Records from a data source
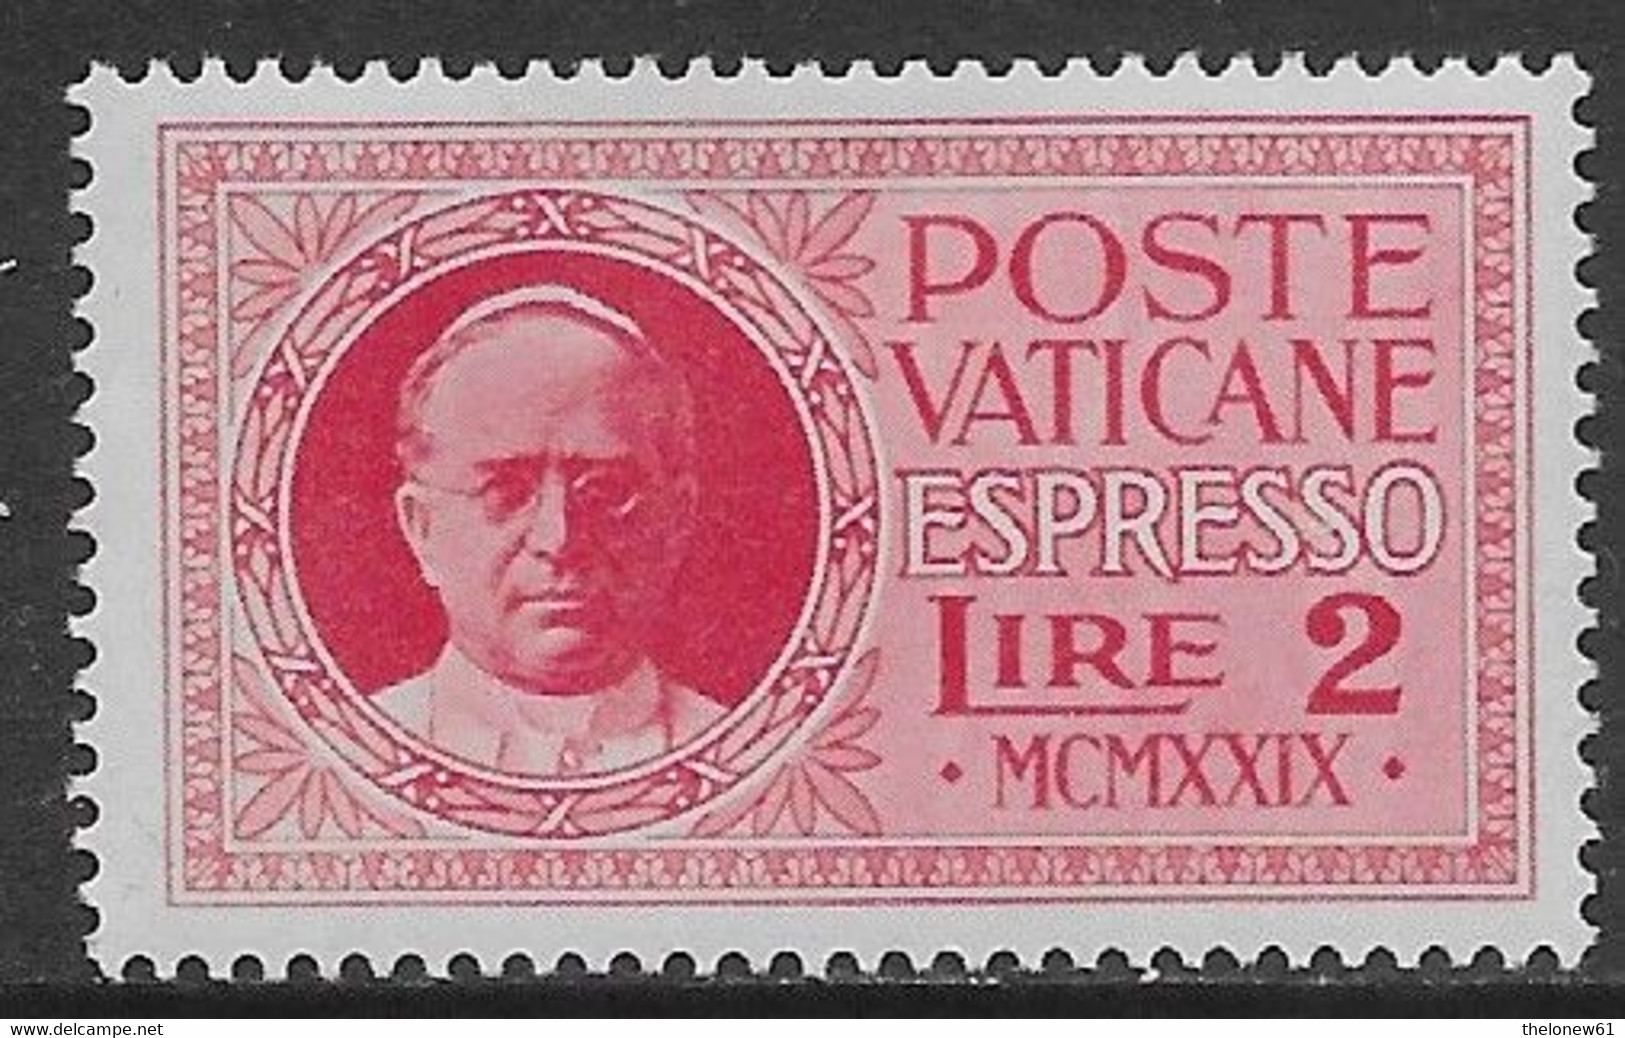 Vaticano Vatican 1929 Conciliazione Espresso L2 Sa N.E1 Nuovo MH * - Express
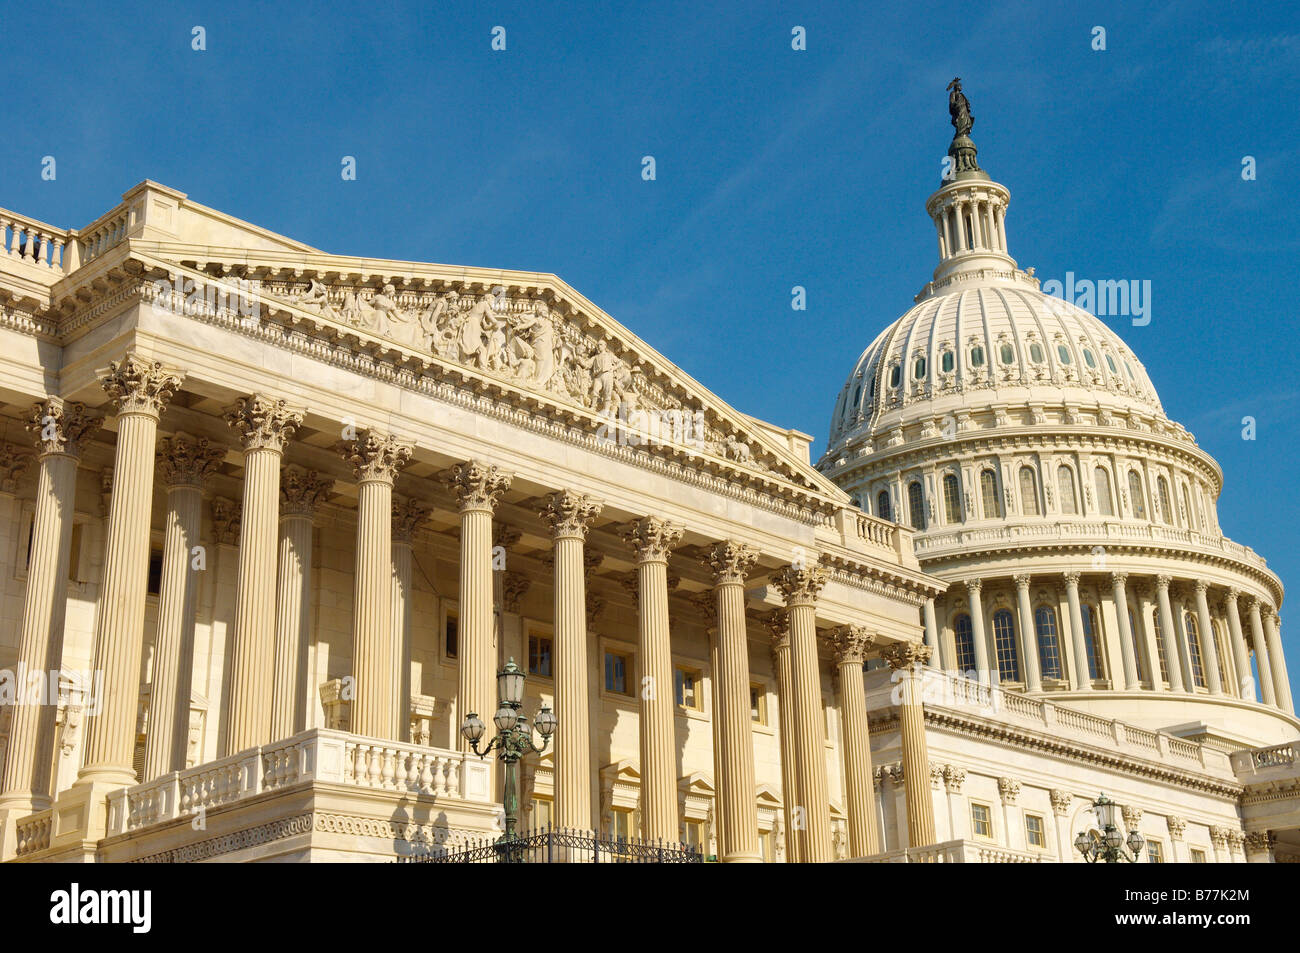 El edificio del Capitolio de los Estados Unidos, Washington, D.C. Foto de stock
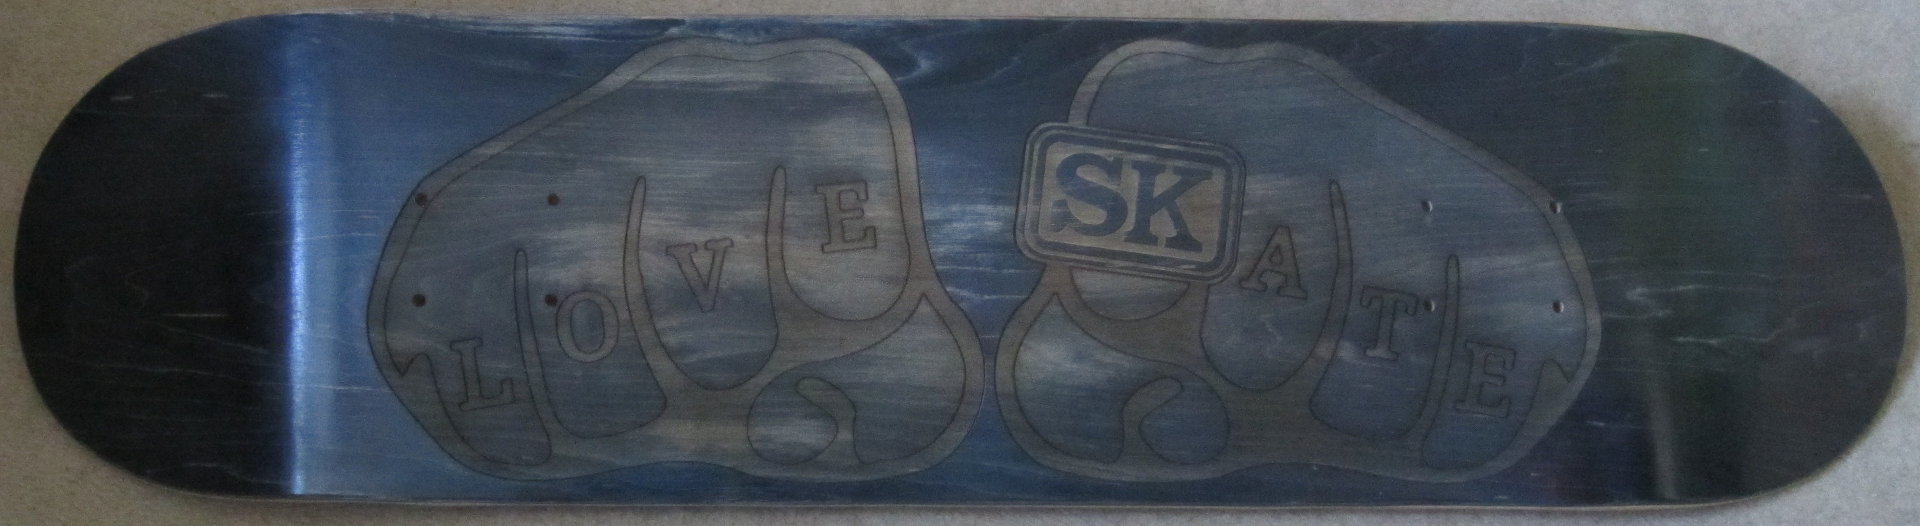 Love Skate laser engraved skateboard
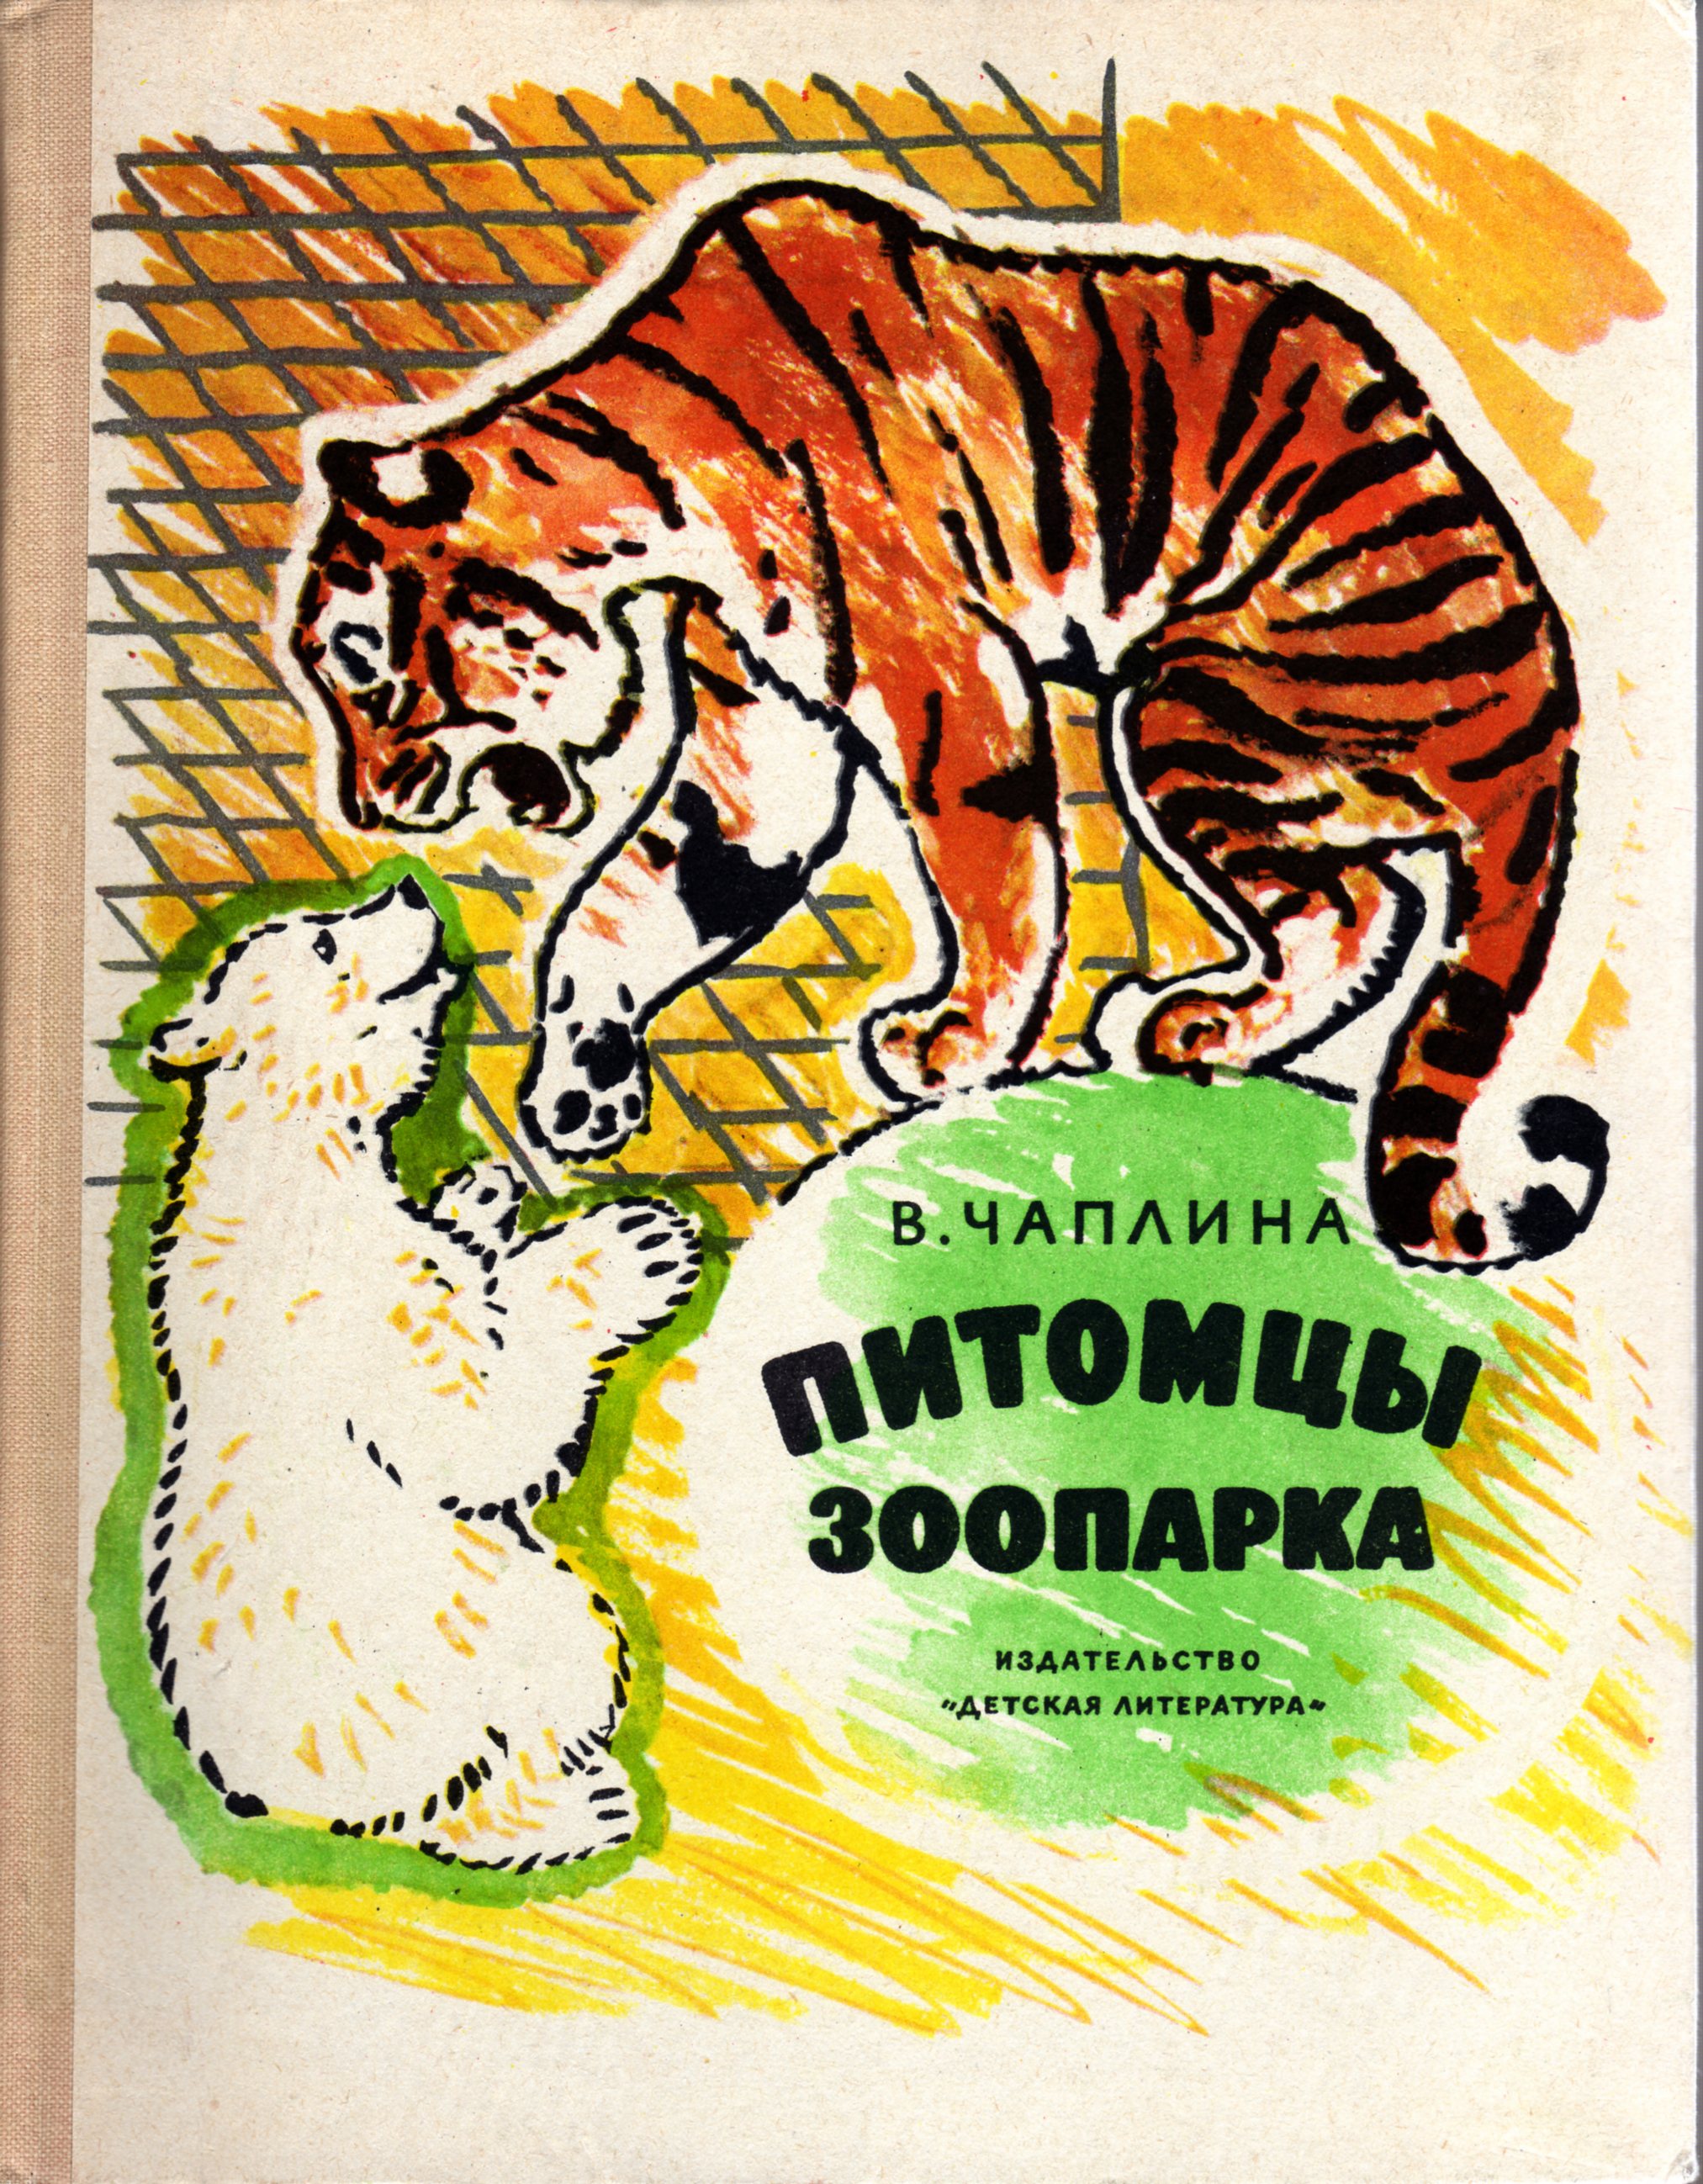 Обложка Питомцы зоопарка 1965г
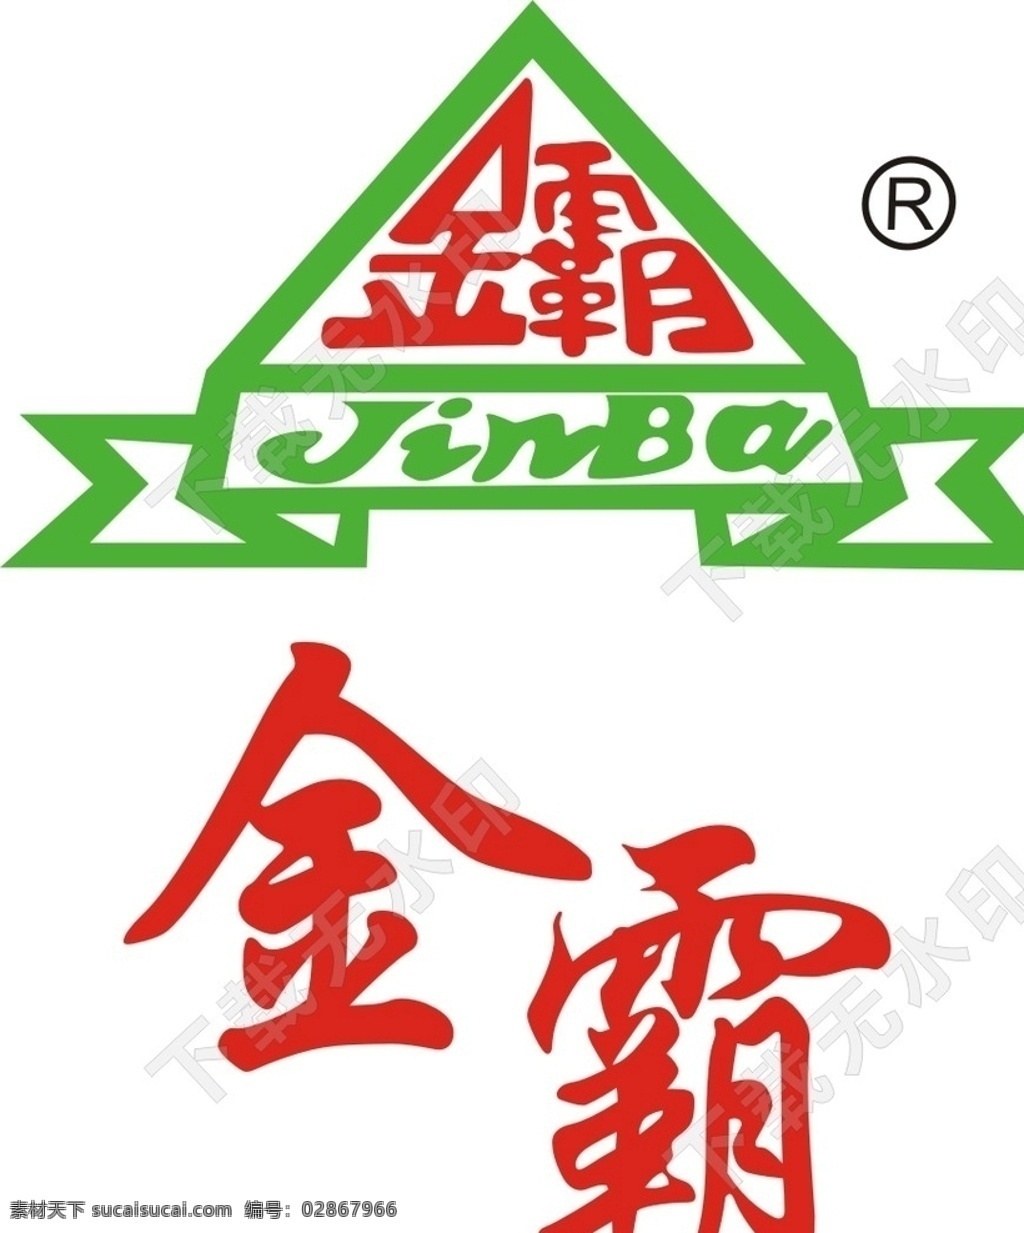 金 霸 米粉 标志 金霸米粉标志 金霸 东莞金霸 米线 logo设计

**EXERCISE REQUIREMENTS:** When you copy the entries above, keep every word exactly and omit the images.

**RESULT BELOW:**
 Vaticano Vatican 1929 Conciliazione Espresso L2 Sa N.E1 Nuovo MH * - Express
 El edificio del Capitolio de los Estados Unidos, Washington, D.C. Foto de stock
 Love Skate laser engraved skateboard
 Обложка Питомцы зоопарка 1965г
 金 霸 米粉 标志 金霸米粉标志 金霸 东莞金霸 米线 logo设计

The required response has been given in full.